* PROBLEM TO SOLVE
The listing below should be printed again word for word, without any images.

* INPUT DATA
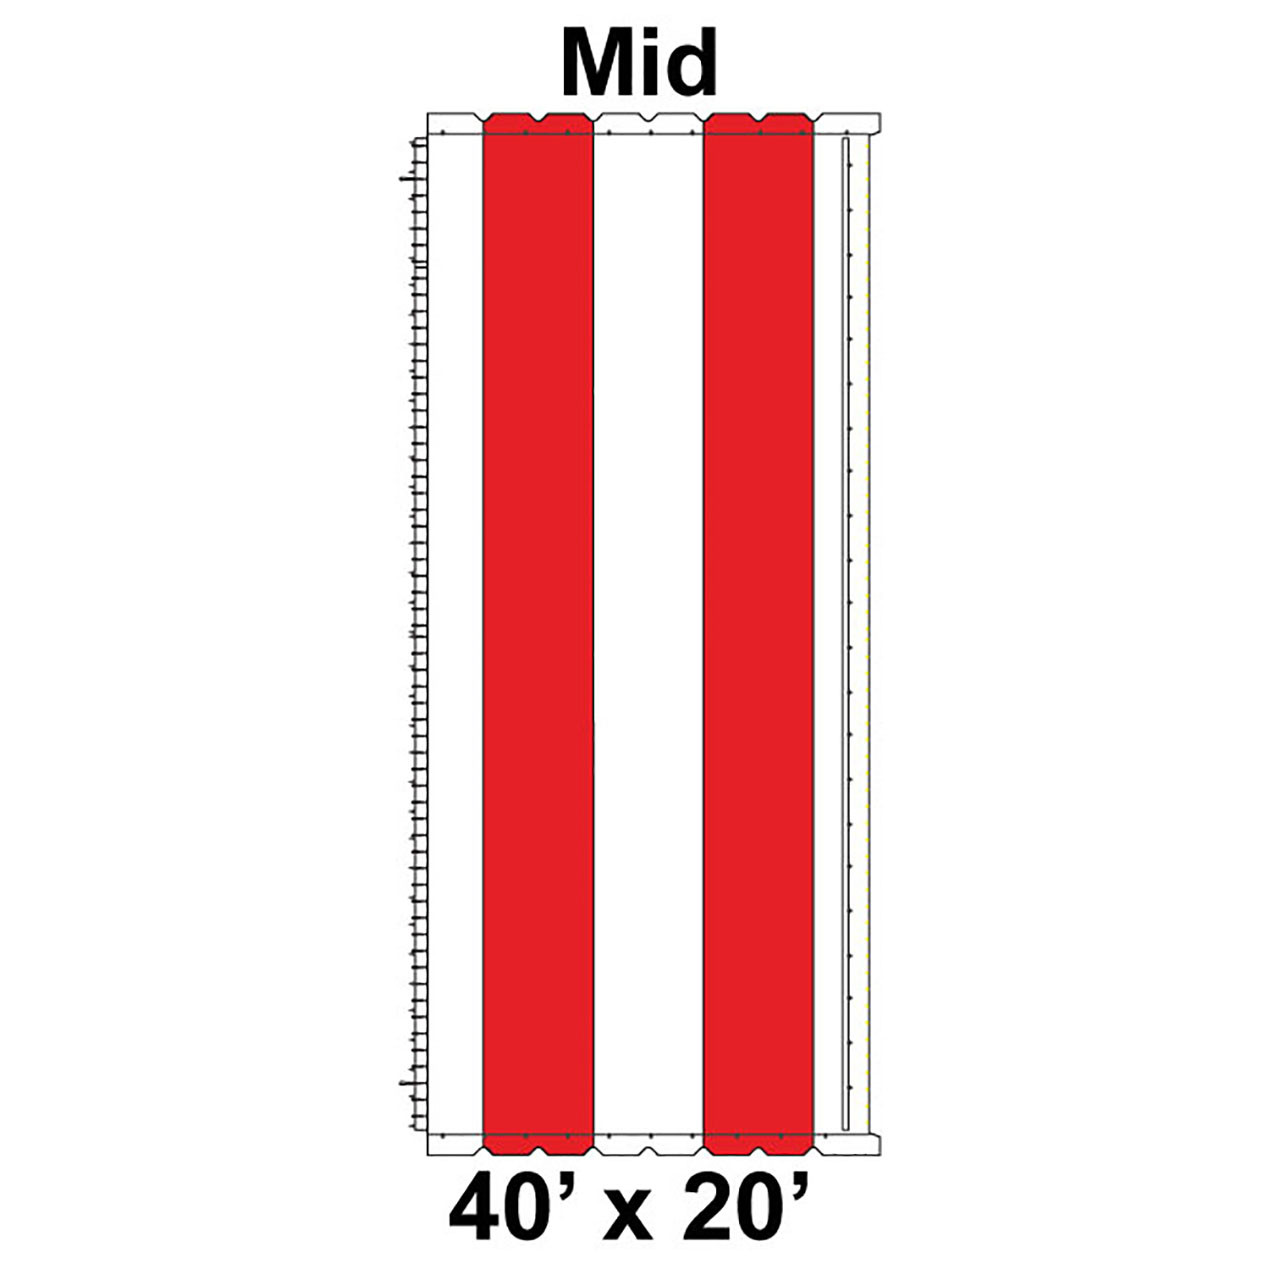 40' x 20' Classic Pole Tent Top, Mid Section
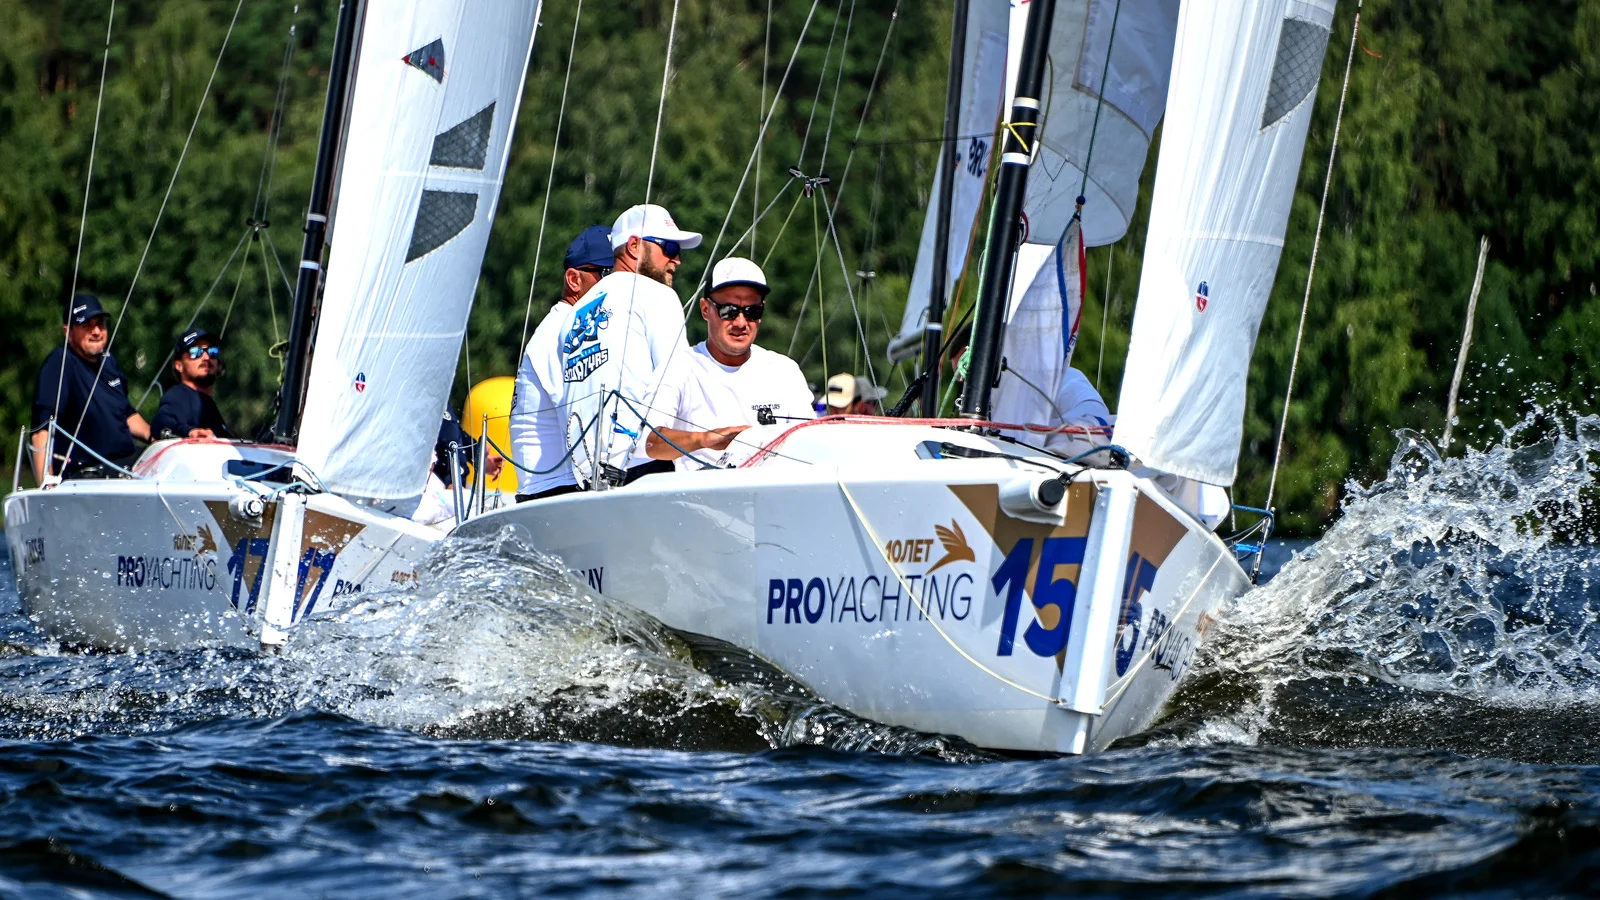 Both amateurs and professionals can take part in PROyachting Cup
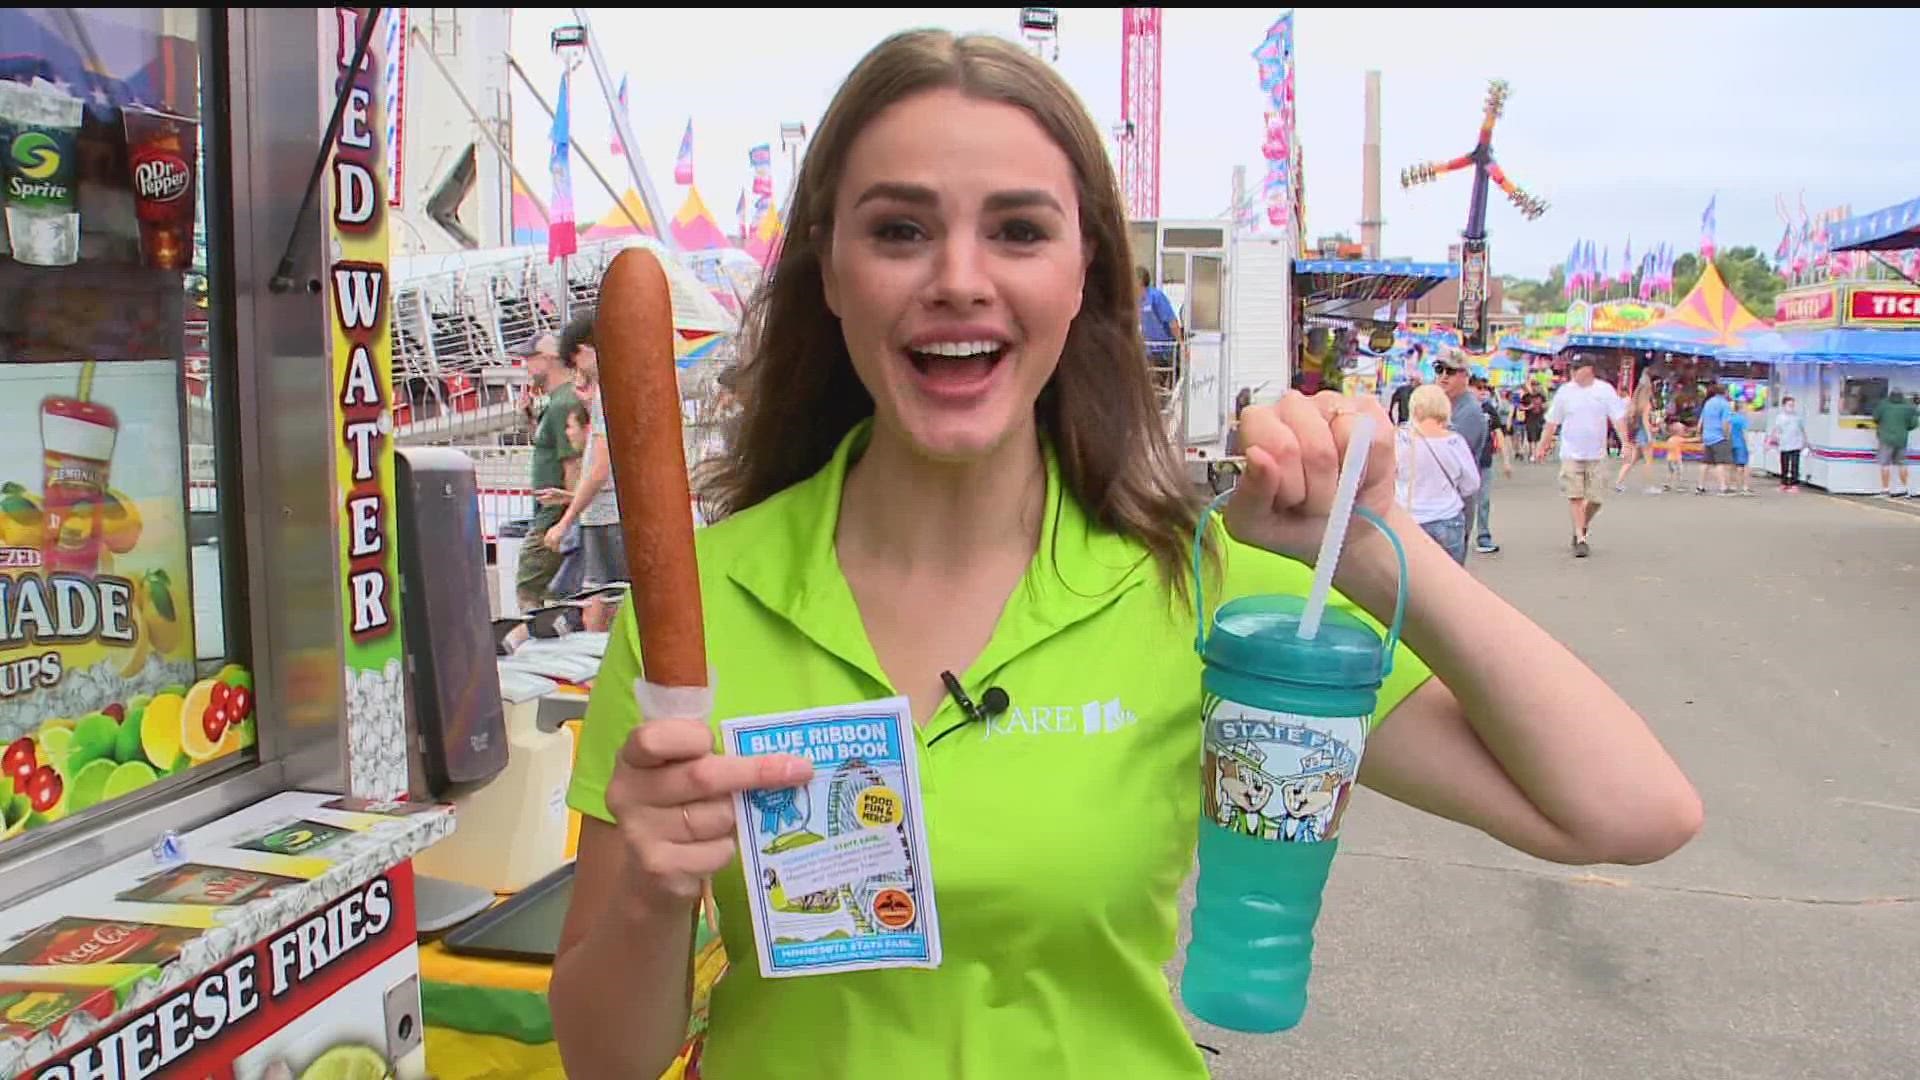 Alicia and Jenn's State Fair haul on a budget.

* TASK RESPONSE
 40' x 20' Classic Pole Tent Top, Mid Section
 Both amateurs and professionals can take part in PROyachting Cup
 Alicia and Jenn's State Fair haul on a budget.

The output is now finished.